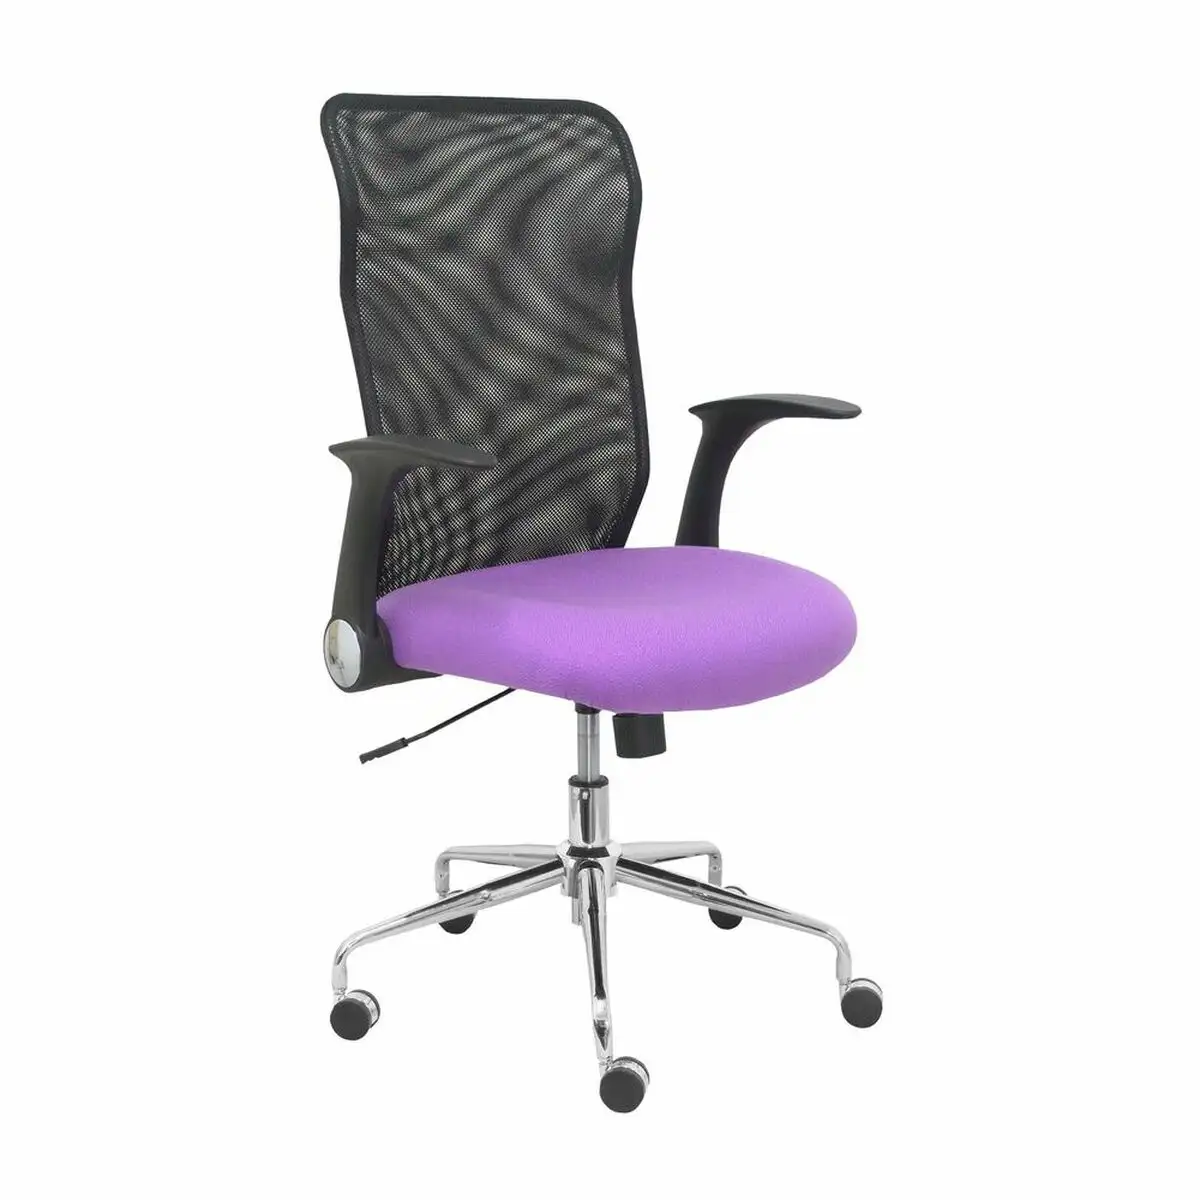 Chaise de bureau minaya p c 1bali82 violet lila_9791. DIAYTAR SENEGAL - Là où l'Élégance Devient un Mode de Vie. Naviguez à travers notre gamme et choisissez des produits qui apportent une touche raffinée à votre quotidien.
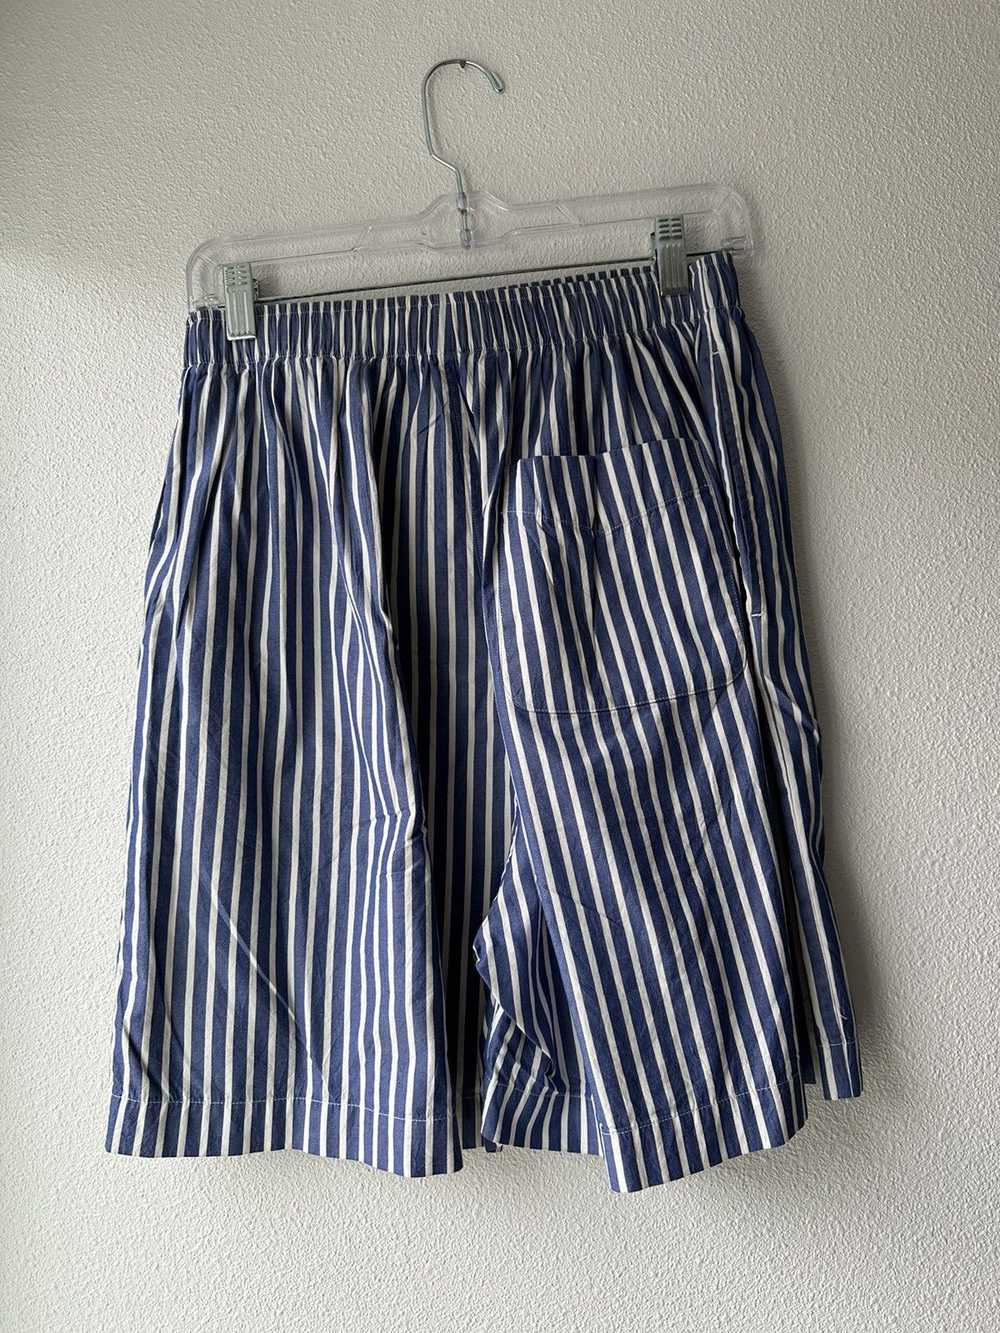 Balenciaga Balenciaga boxer/ pajama shorts - image 3
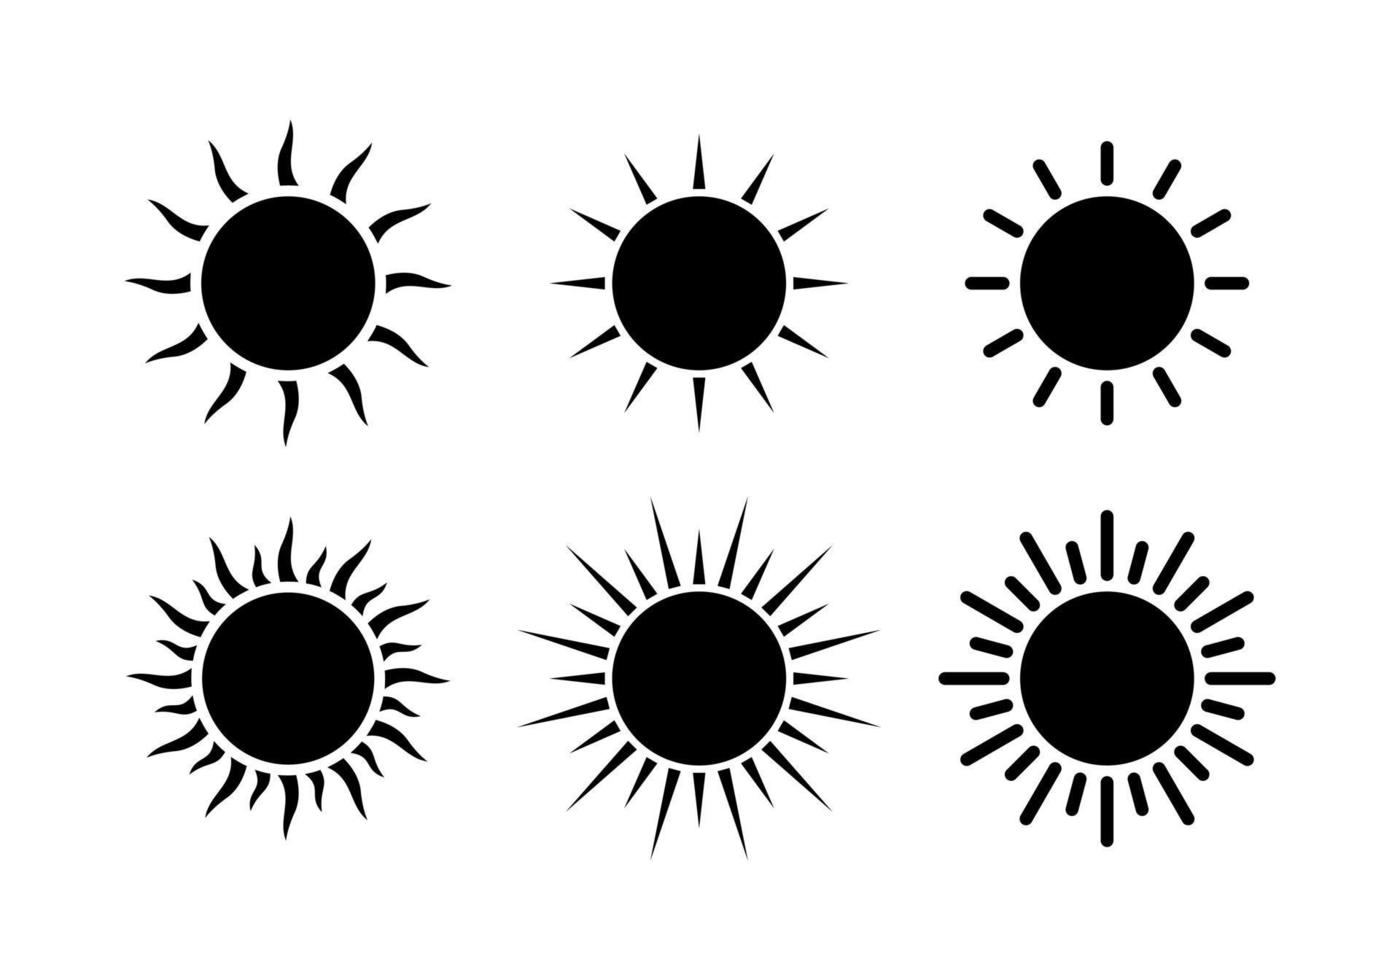 icone del sole. set di icone del sole isolato su sfondo bianco. illustrazione del disegno vettoriale dell'icona del sole. raccolta di vettore del sole.
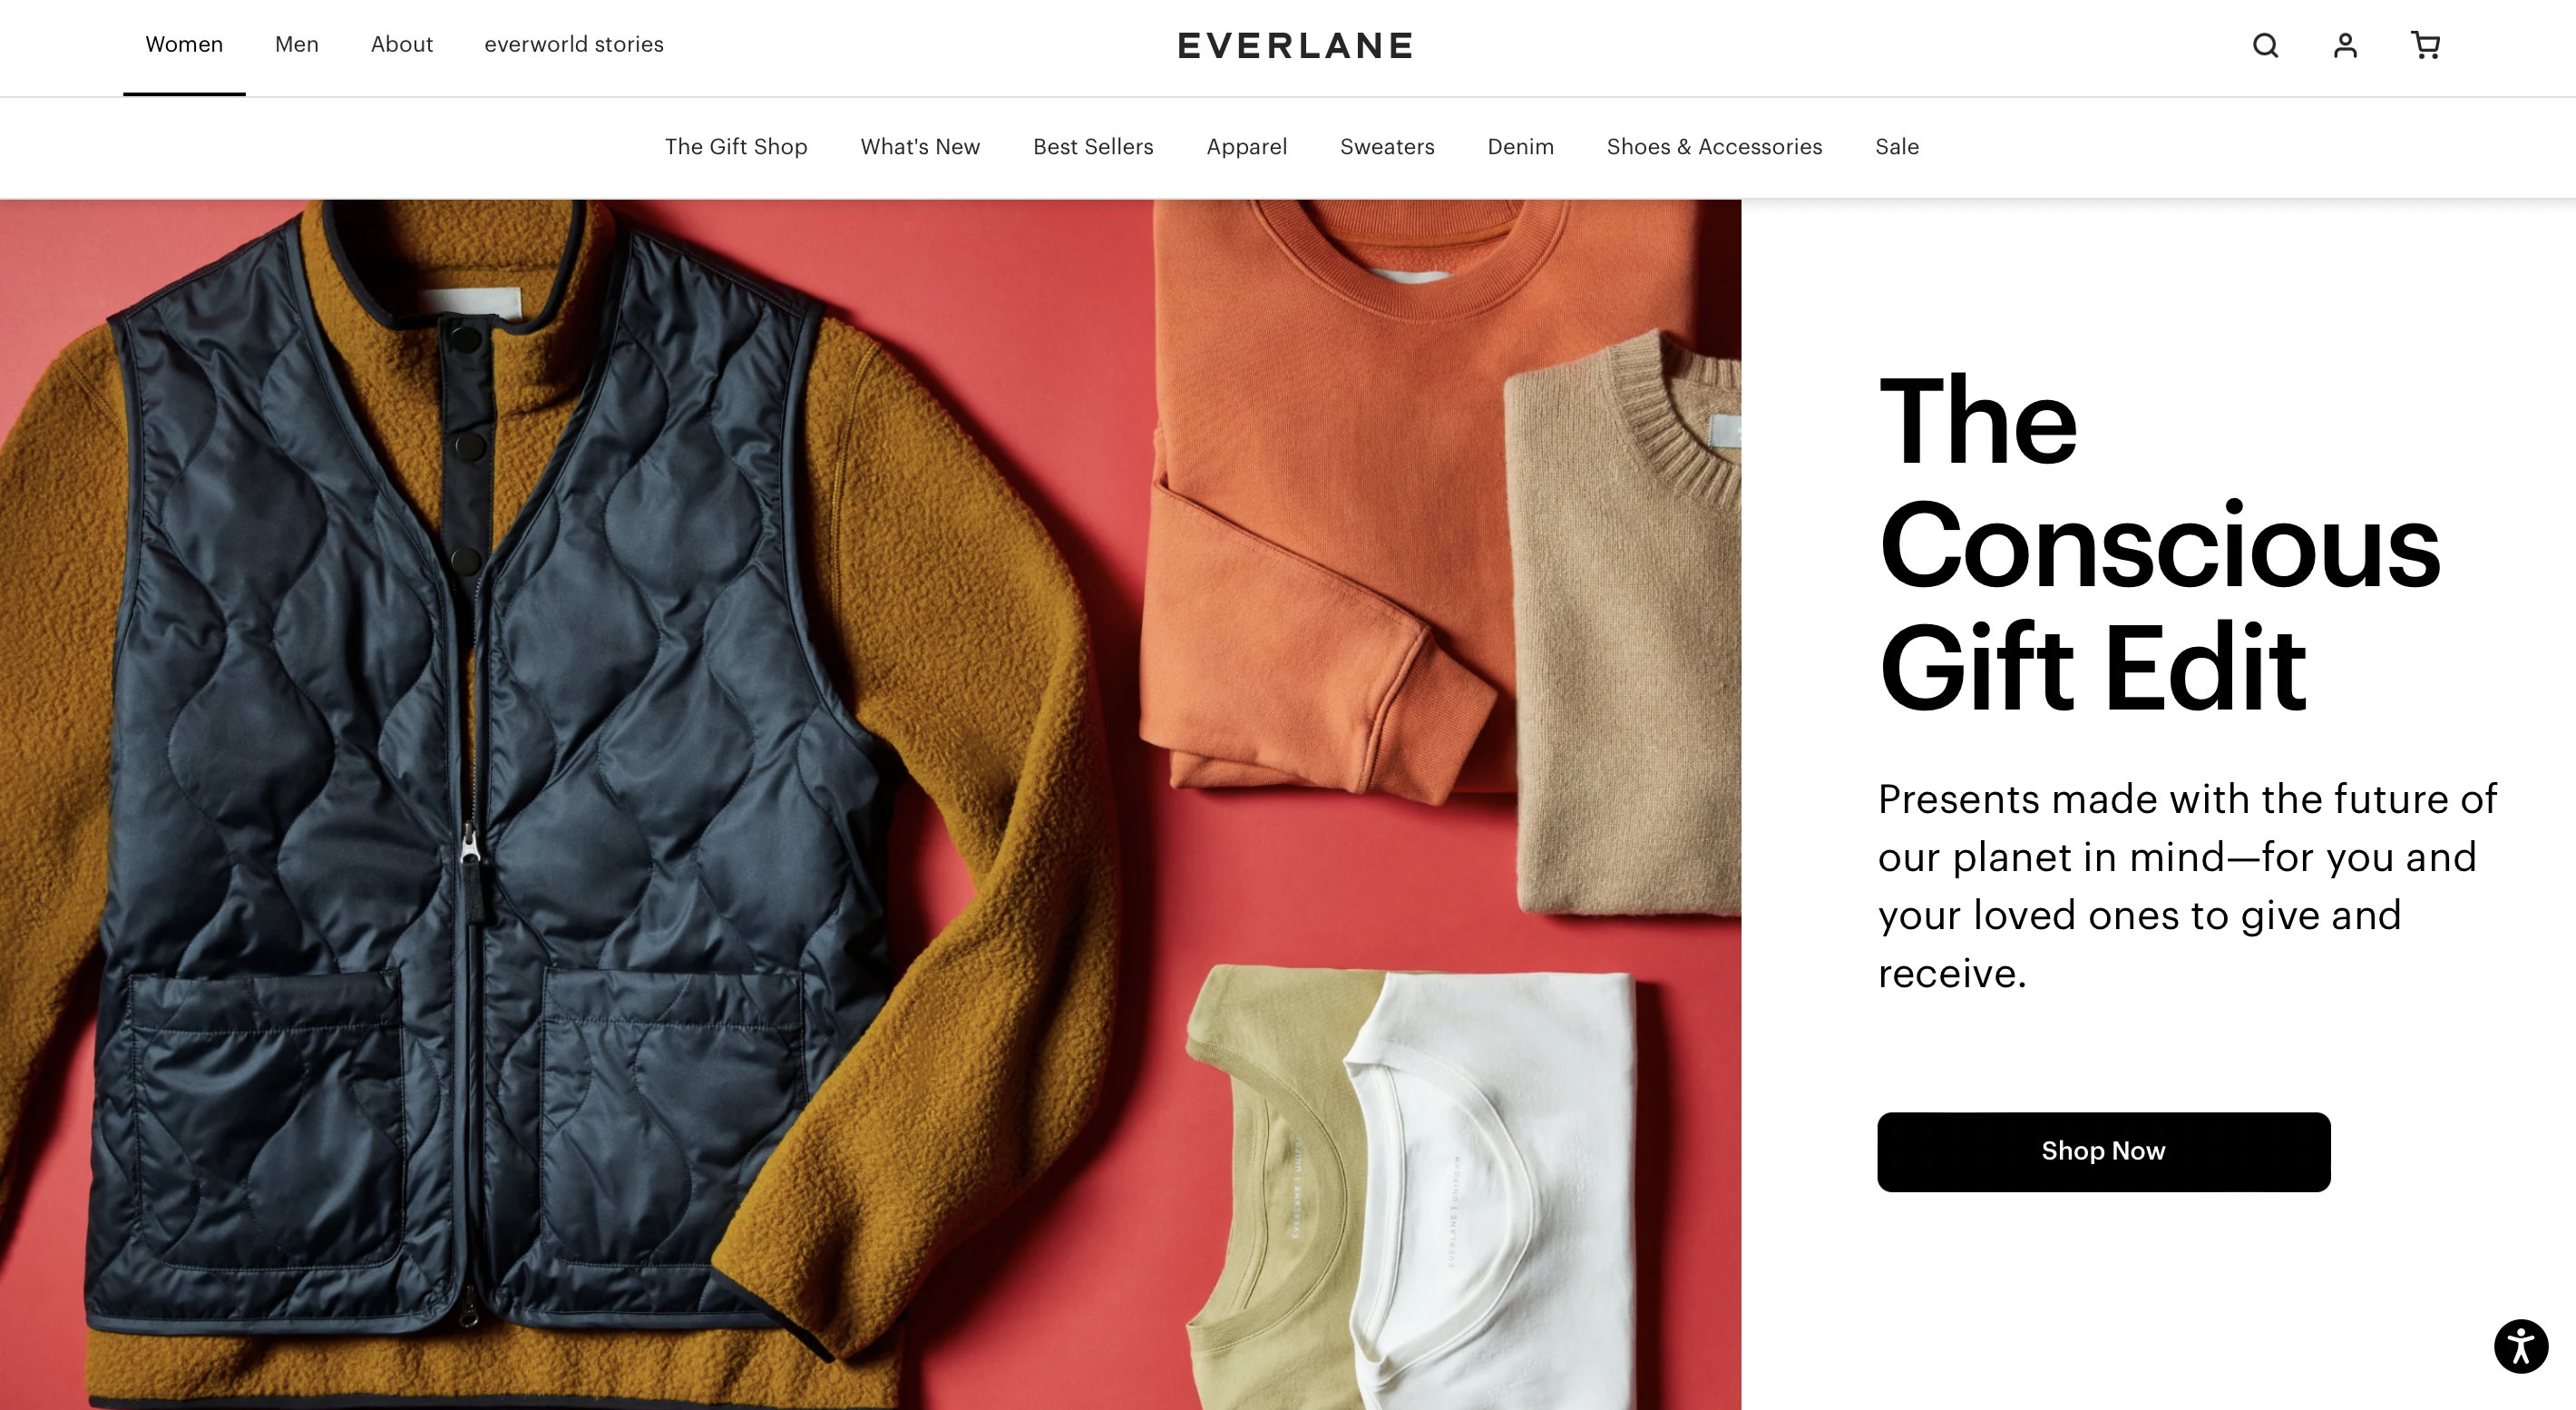 美国互联网时尚品牌Everlane获得2500万美元贷款

_TASK GOAL:_
Beginning at the line that contains "Balenciaga Balenciaga boxer/" and ending at the last line of the data, return each line exactly; no picture belongs in the copy.

_COMPLETED EXERCISE:_
 Balenciaga Balenciaga boxer/ pajama shorts - image 3
 icone del sole. set di icone del sole isolato su sfondo bianco. illustrazione del disegno vettoriale dell'icona del sole. raccolta di vettore del sole.
 美国互联网时尚品牌Everlane获得2500万美元贷款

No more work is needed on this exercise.